#### Given data:

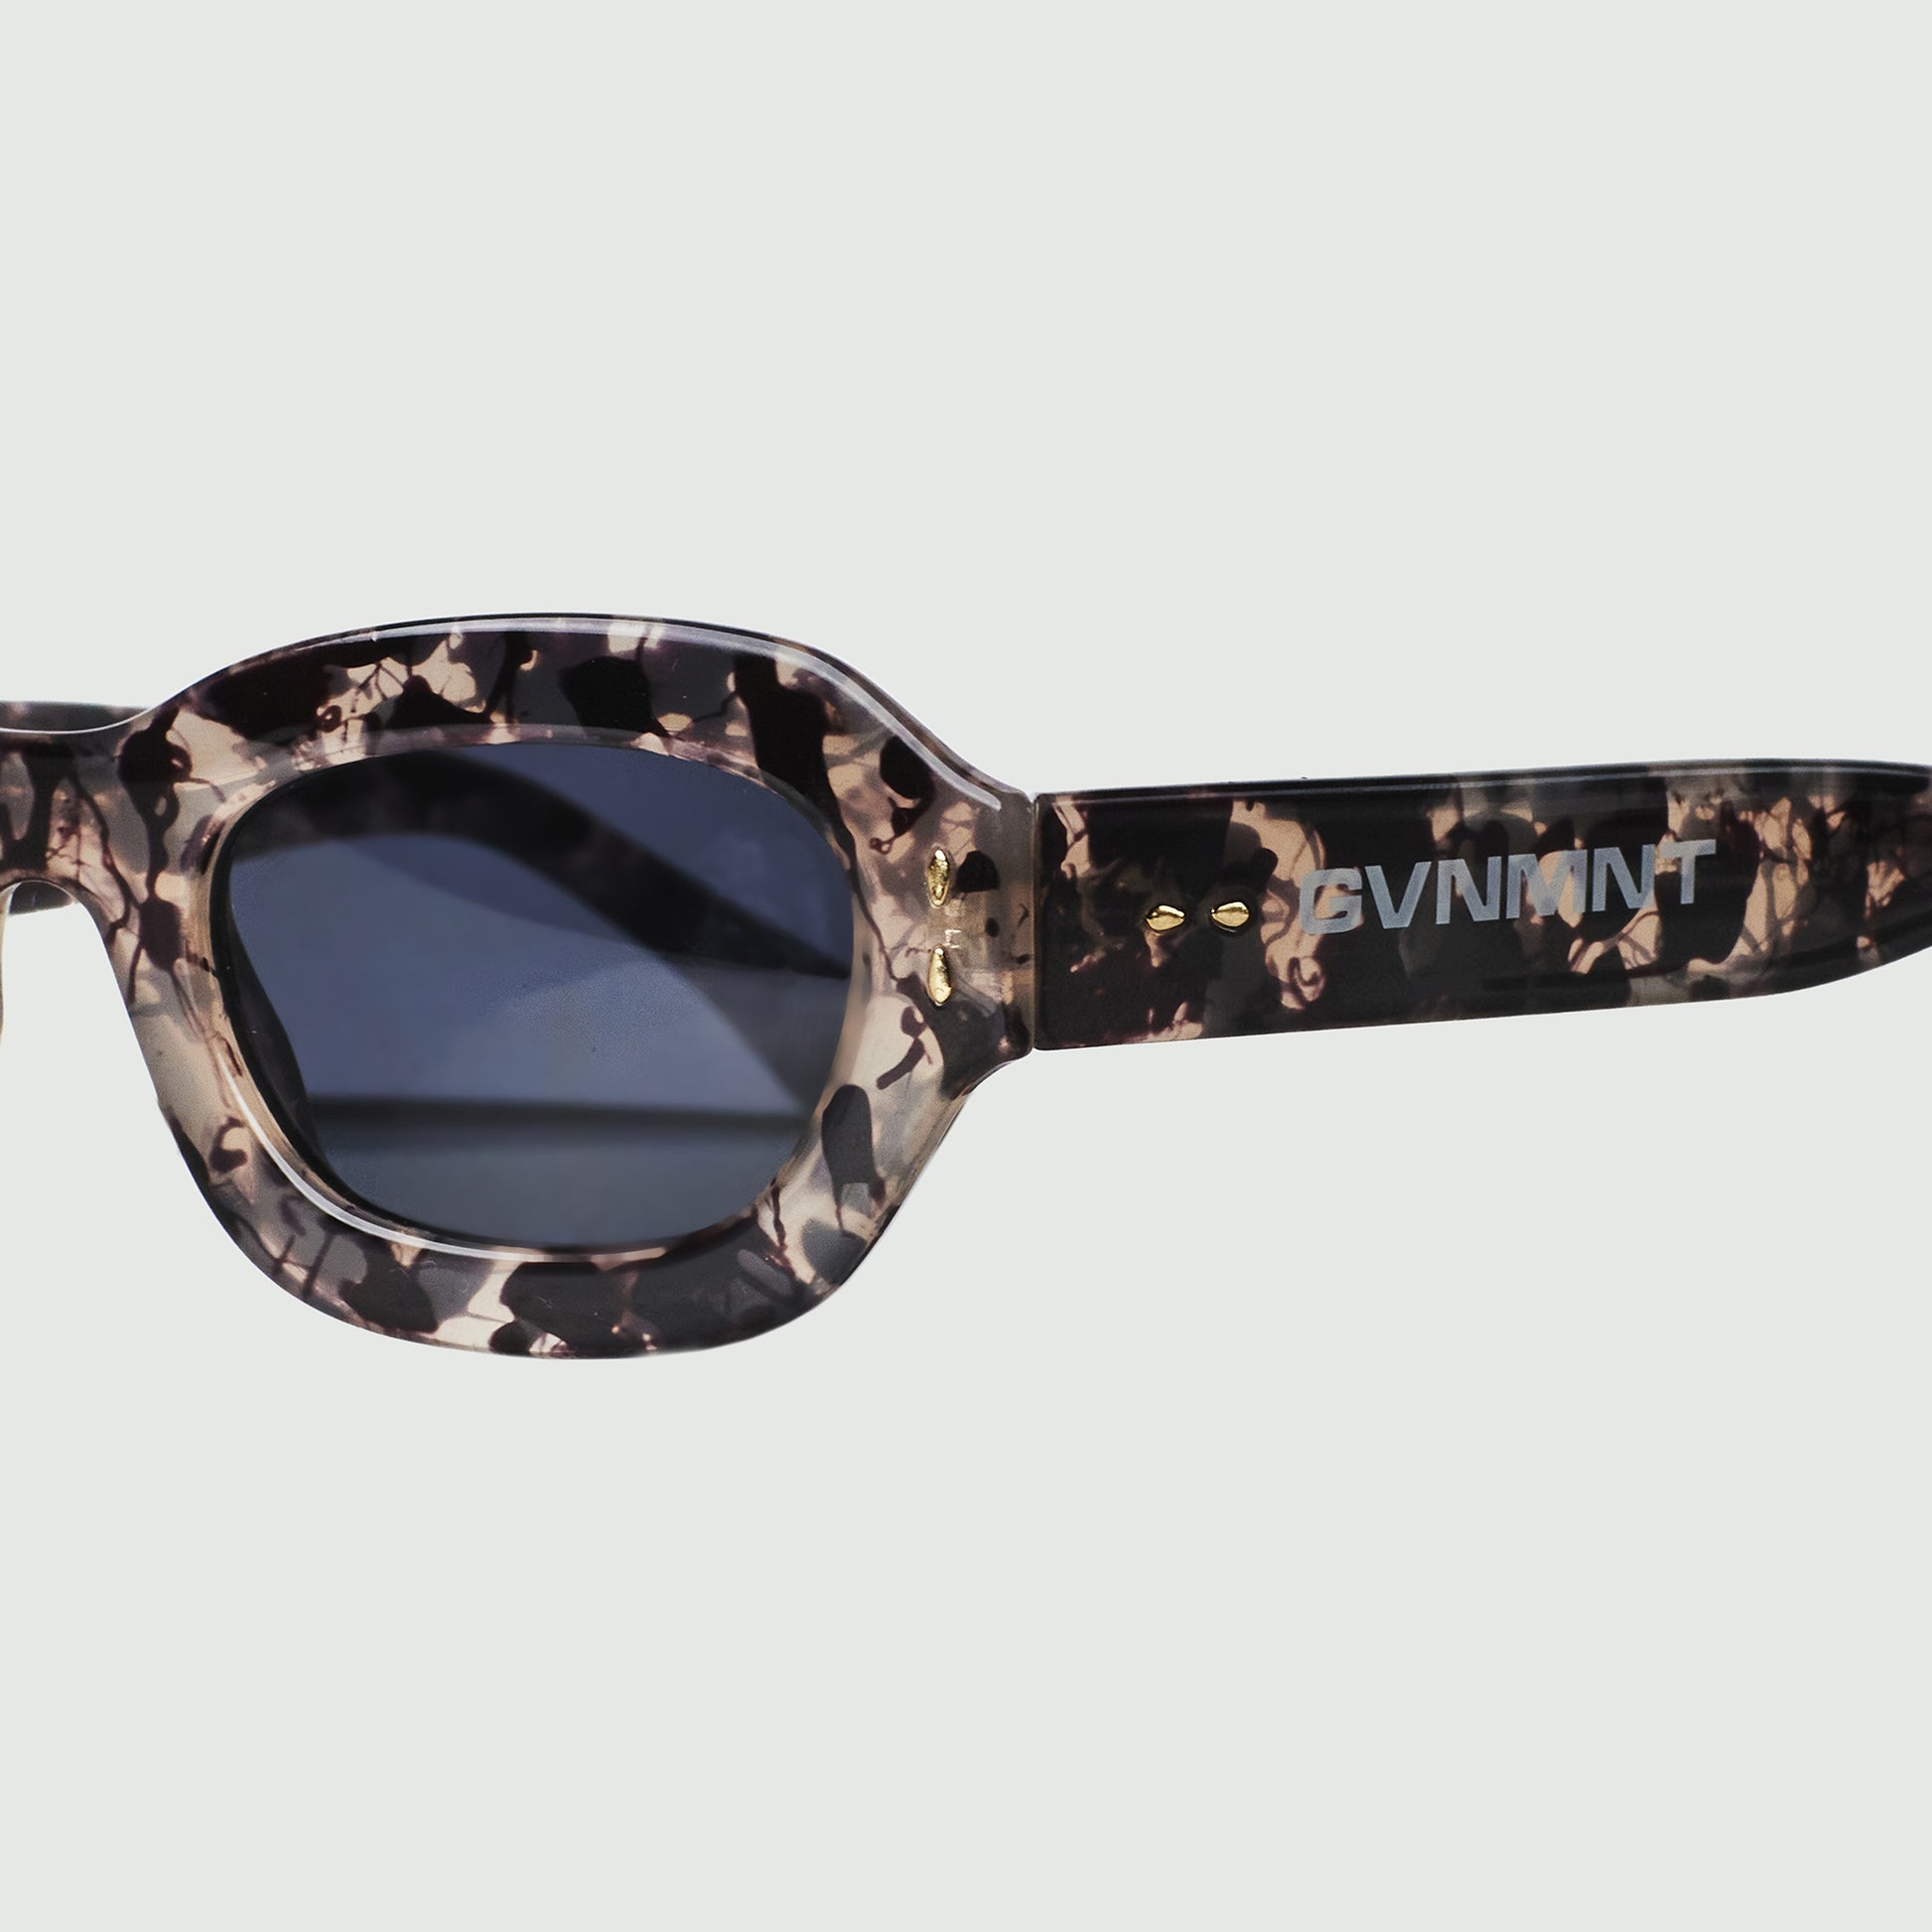 Vulcan Sunglasses - Marble - GVNMNT Clothing Co', European streetwear.
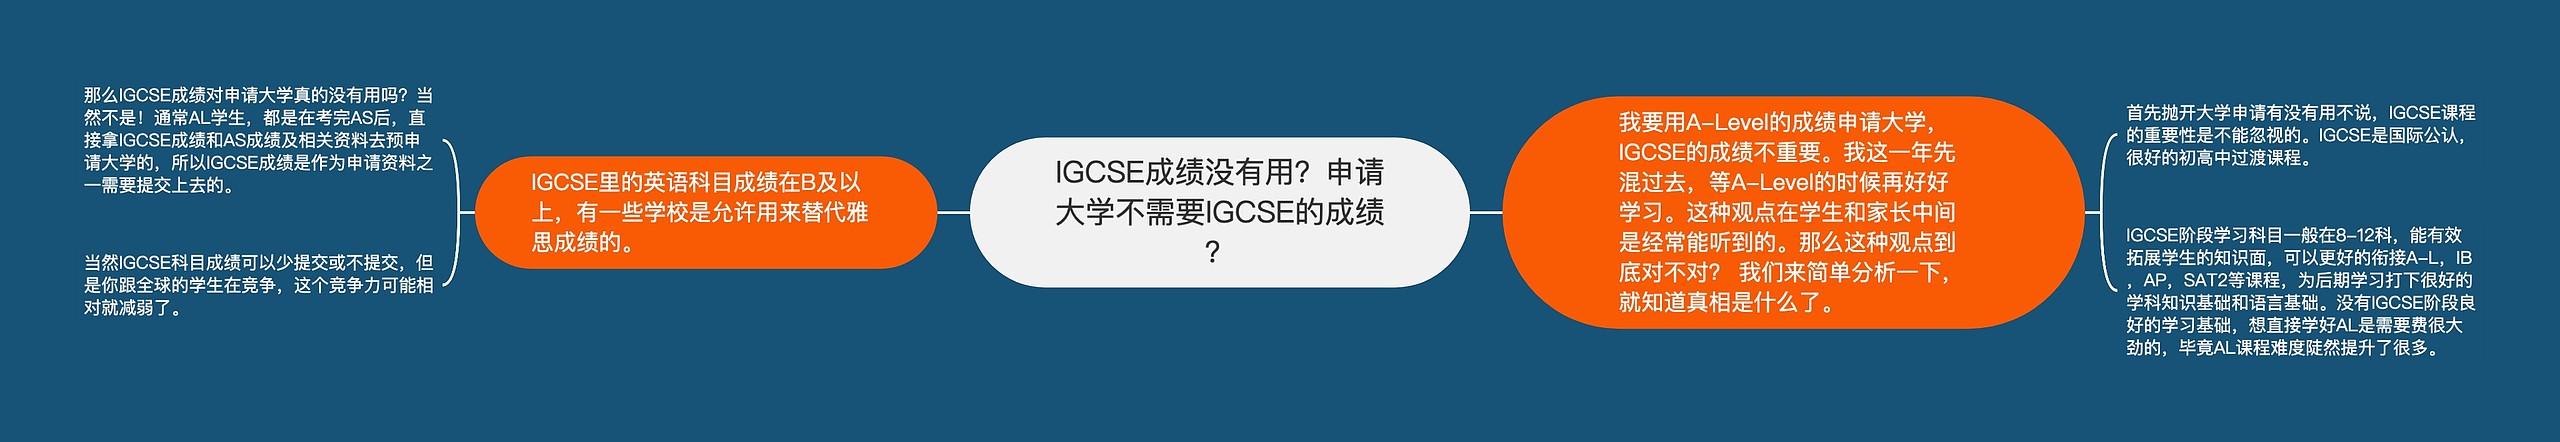 IGCSE成绩没有用？申请大学不需要IGCSE的成绩？
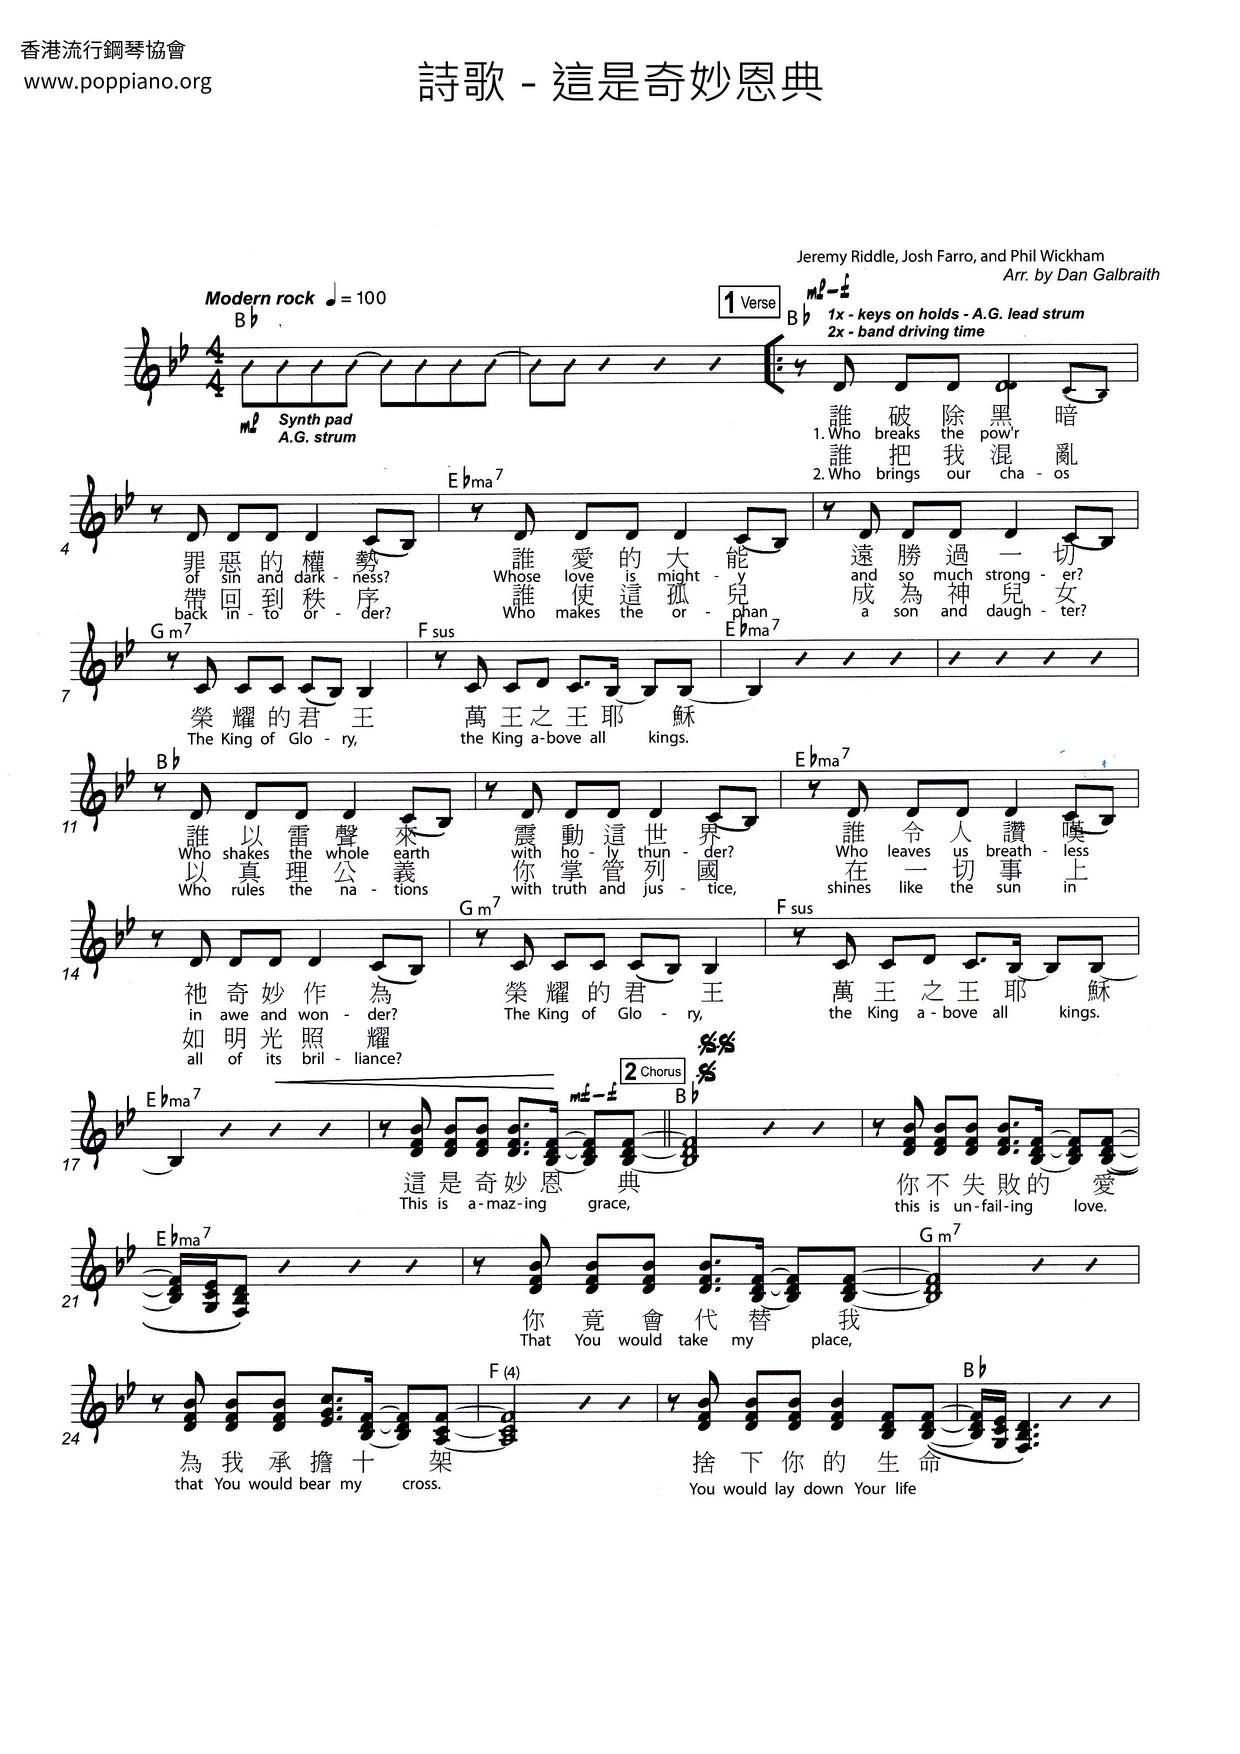 This Is Wonderful Grace Score
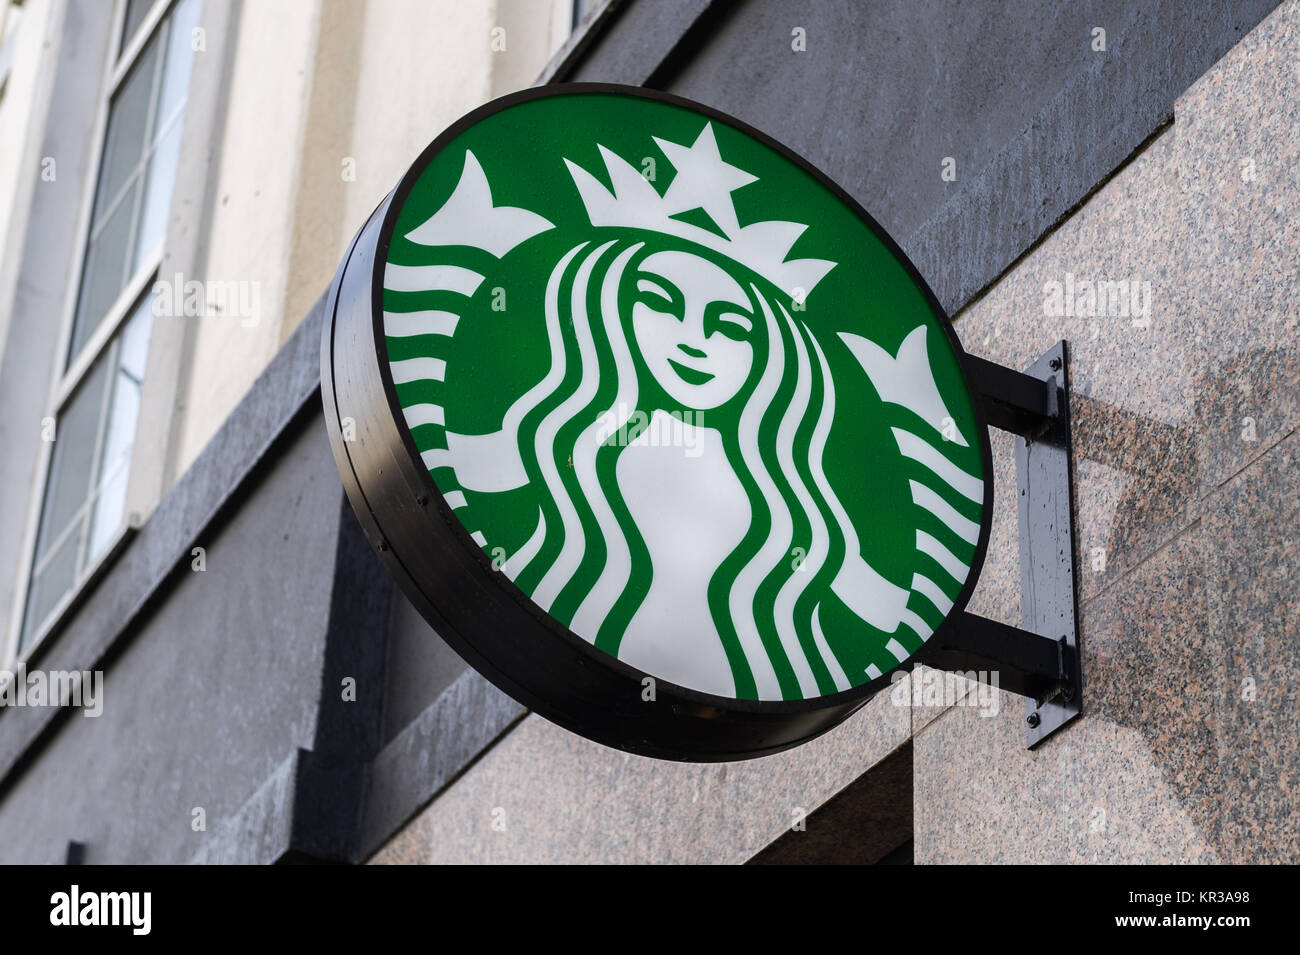 Starbucks logo sign on a building in Cork, Ireland. Stock Photo

#### Try it:
I'd like the material repeated word for word, without the pictures it holds.

#### Exercise solution:
 Vulcan Sunglasses - Marble - GVNMNT Clothing Co', European streetwear.
 IGCSE成绩没有用？申请大学不需要IGCSE的成绩？
 This Is Wonderful Grace Score
 Starbucks logo sign on a building in Cork, Ireland. Stock Photo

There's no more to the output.